Therefore, AM passes through O.

Q.5. If a line segment joining mid-points of two chords of a circle passes through the centre of the circle, prove that the two chords are parallel.

Consider AB and CD to be the chords of the circle with center O. Let L be the midpoint of AB.
Let M be the midpoint of CD.
Let PQ be the line passing through these midpoints and the center of the circle.
Then, PQ is the diameter of the circle.
We know that,
Line joining center to the midpoint of a chord is always perpendicular to the chord.
Since M is the midpoint of CD,
We have, OM ⊥ CD
⇒ OMD = 90°
Similarly, L is the midpoint of AB,
OL ⊥ AB
⇒ OLA = 90°
But, we know, ∠OLA and ∠OMD are alternate angles.
So, AB ∥ CD.
Hence, proved.

Q.6. ABCD is such a quadrilateral that A is the centre of the circle passing through B, C and D. Prove that ∠CBD + ∠CDB = ½ ∠BAD

According to the question,
We have,
A quadrilateral ABCD such that A is the centre of the circle passing through B, C and D.
Construction:
Join CA and BD. We know that,
In a circle, angle subtended by an arc at the center is twice the angle subtended by it at any other point in the remaining part of the circle
So,
The arc DC subtends ∠DAC at the center and ∠CAB at point B in the remaining part of the circle,
We get,
∠DAC = 2∠CBD …(1)
Similarly,
The arc BC subtends ∠CAB at the center and ∠CDB at point D in the remaining part of the circle,
We get,
∠CAB = 2∠CDB …(2)
From equations (1) and (2),
We have:
DAC + ∠CAB = 2∠CDB + 2∠CBD
⇒ ∠BAD = 2(∠CDB + ∠CBD)
⇒ (∠CDB + ∠CBD) = ½ (∠BAD).

Q.7. O is the circumcentre of the triangle ABC and D is the mid-point of the base BC. Prove that ∠BOD = ∠A.

According to the question,
We have,
O is the circumcenter of the triangle ABC and D is the midpoint of BC. To prove: ∠BOD = ∠A
Construction: Join OB and OC.
In ΔOBD and ΔCD:
OD = OD (common)
DB = DC (D is the midpoint of BC)
OB = OC (radius of the circle)
By SSS congruence rule,
We get,
ΔOBD ≅ ΔOCD.
∠BOD = ∠COD (By CPCT)
Let ∠BOD = ∠COD = x
We know that,
Angle subtended by an arc at the center of the circle is twice the angle subtended by it at any other point in the remaining part of the circle.
So, we have,
2∠BAC = ∠BOC
⇒ 2∠BAC = ∠BOD + ∠DOC
⇒ 2∠BAC = x + x
⇒ 2∠BAC = 2x
⇒ ∠BAC = x
⇒ ∠BAC = ∠BOD
Hence, proved.

Q.8. On a common hypotenuse AB, two right triangles ACB and ADB are situated on opposite sides. Prove that ∠BAC = ∠BDC.

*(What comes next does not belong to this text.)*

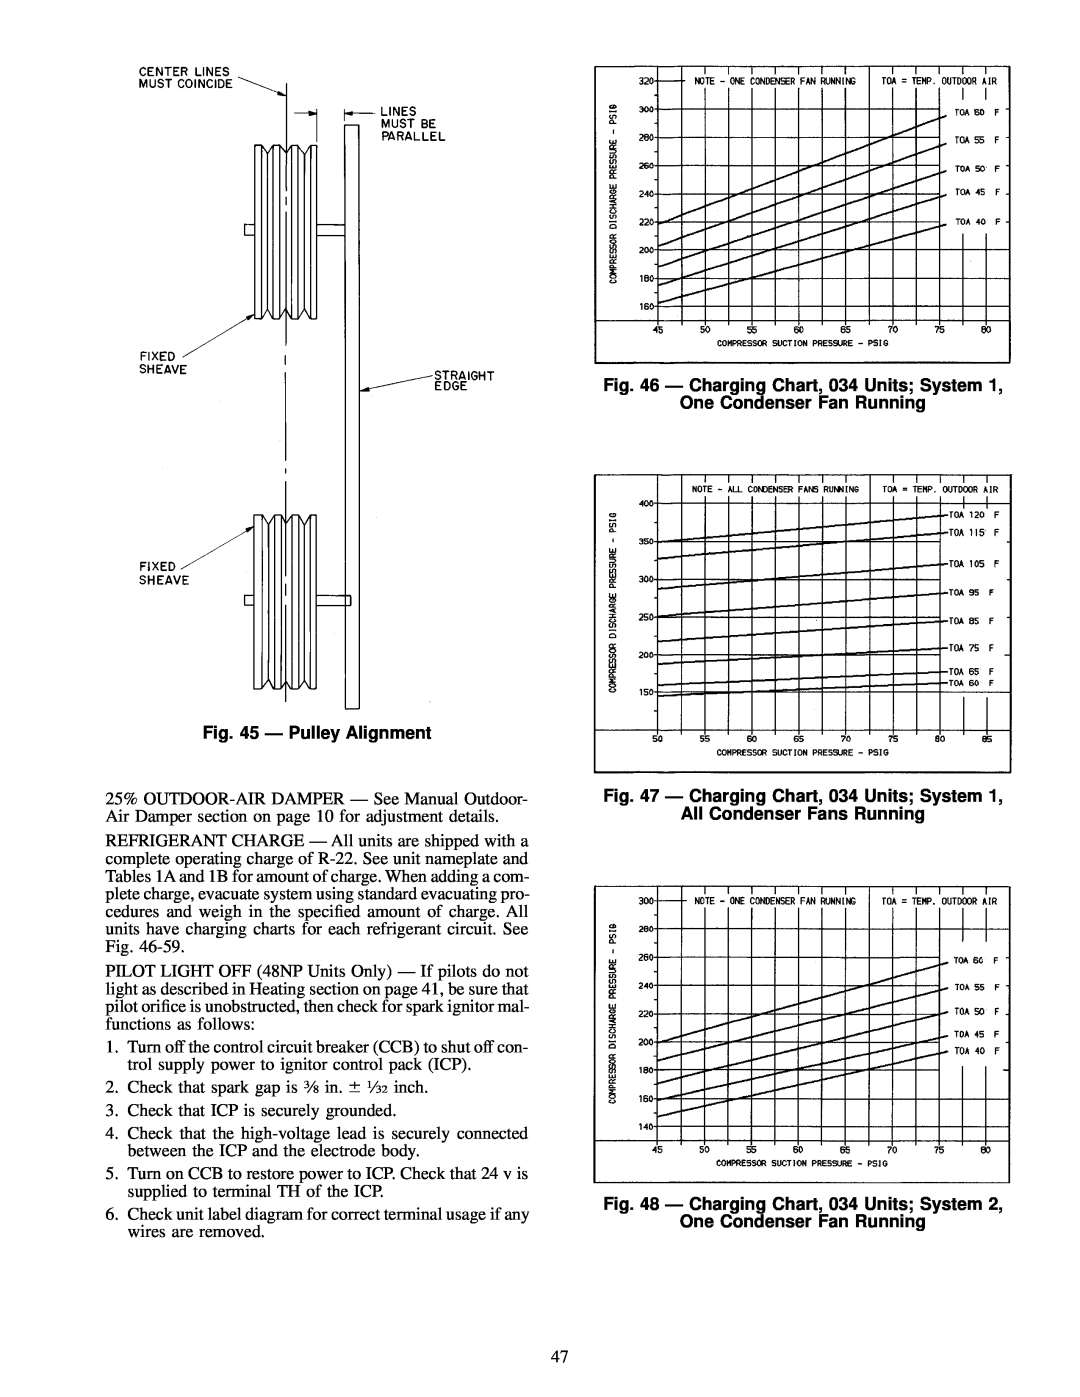 Carrier NP034-074 specifications Ð Pulley Alignment, Ð Charging Chart, 034 Units; System, One Condenser Fan Running 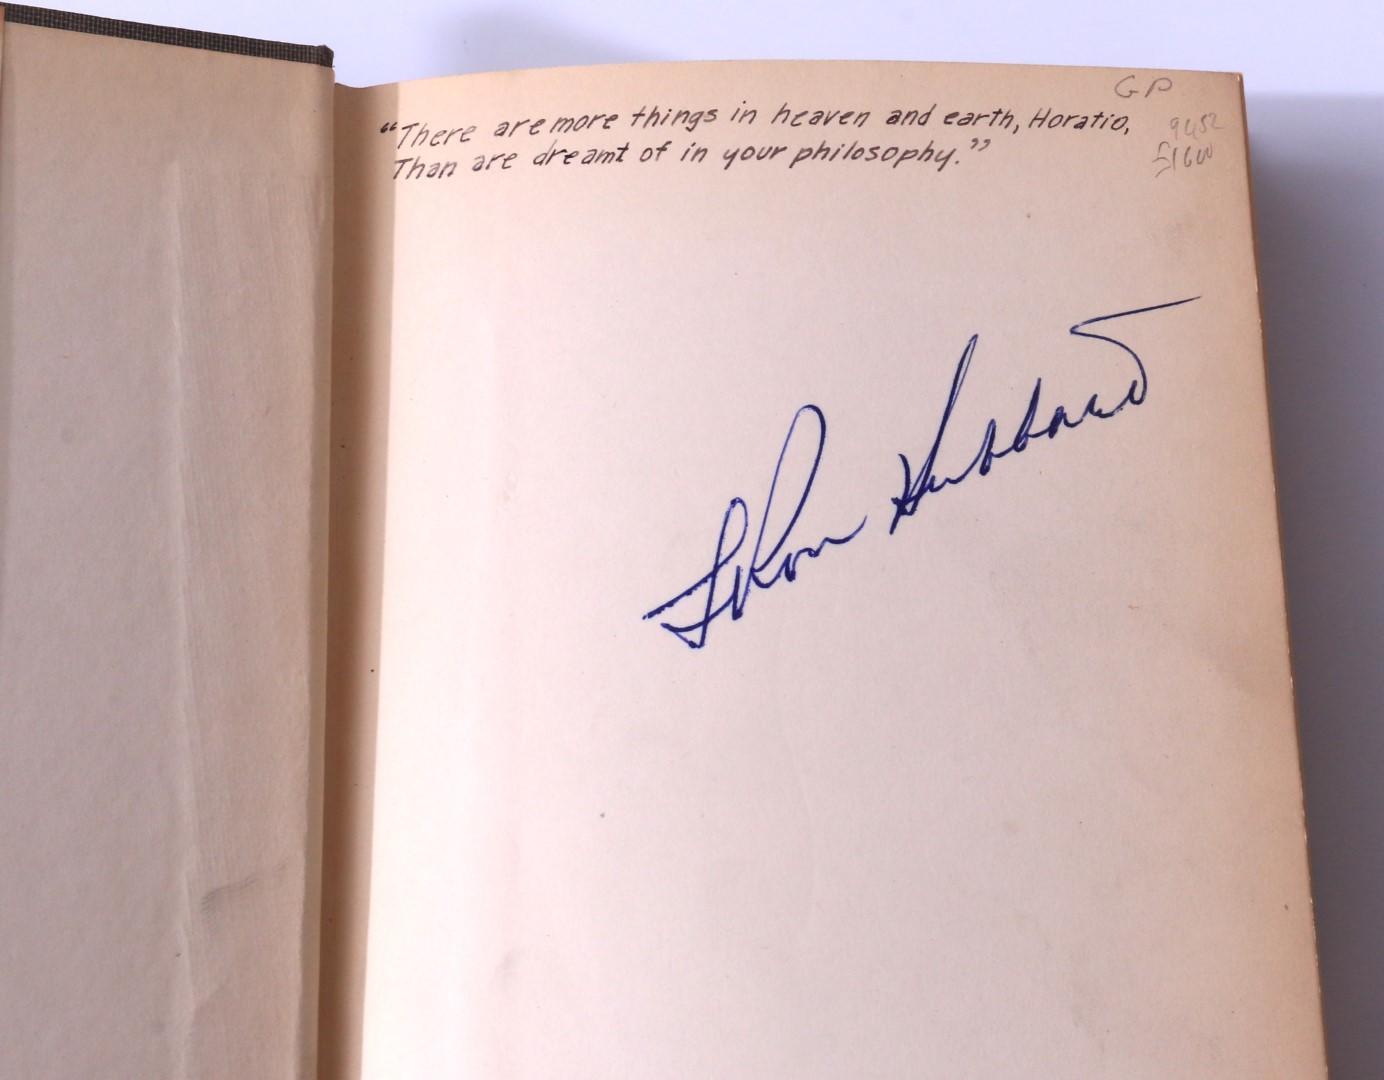 L. Ron Hubbard - Slaves of Sleep - Shasta, 1948, Signed First Edition.

According to the question,
We have,
ACB and ADB are two right triangles. To Prove: ∠BAC = ∠BDC
We know that,
ACB and ADB are right angled triangles,
Then,
∠C + ∠D = 90° + 90° ∠C + ∠D = 180°
Therefore ADBC is a cyclic quadrilateral as sum of opposite angles of a cyclic quadrilateral = 180°
We also have,
∠BAC and ∠BDC lie in the same segment BC and angles in the same segment of a circle are equal.
∴ ∠BAC = ∠BDC.
Hence Proved.

Q.9. Two chords AB and AC of a circle subtends angles equal to 90º and 150º, respectively at the centre. Find ∠BAC, if AB and AC lie on the opposite sides of the centre.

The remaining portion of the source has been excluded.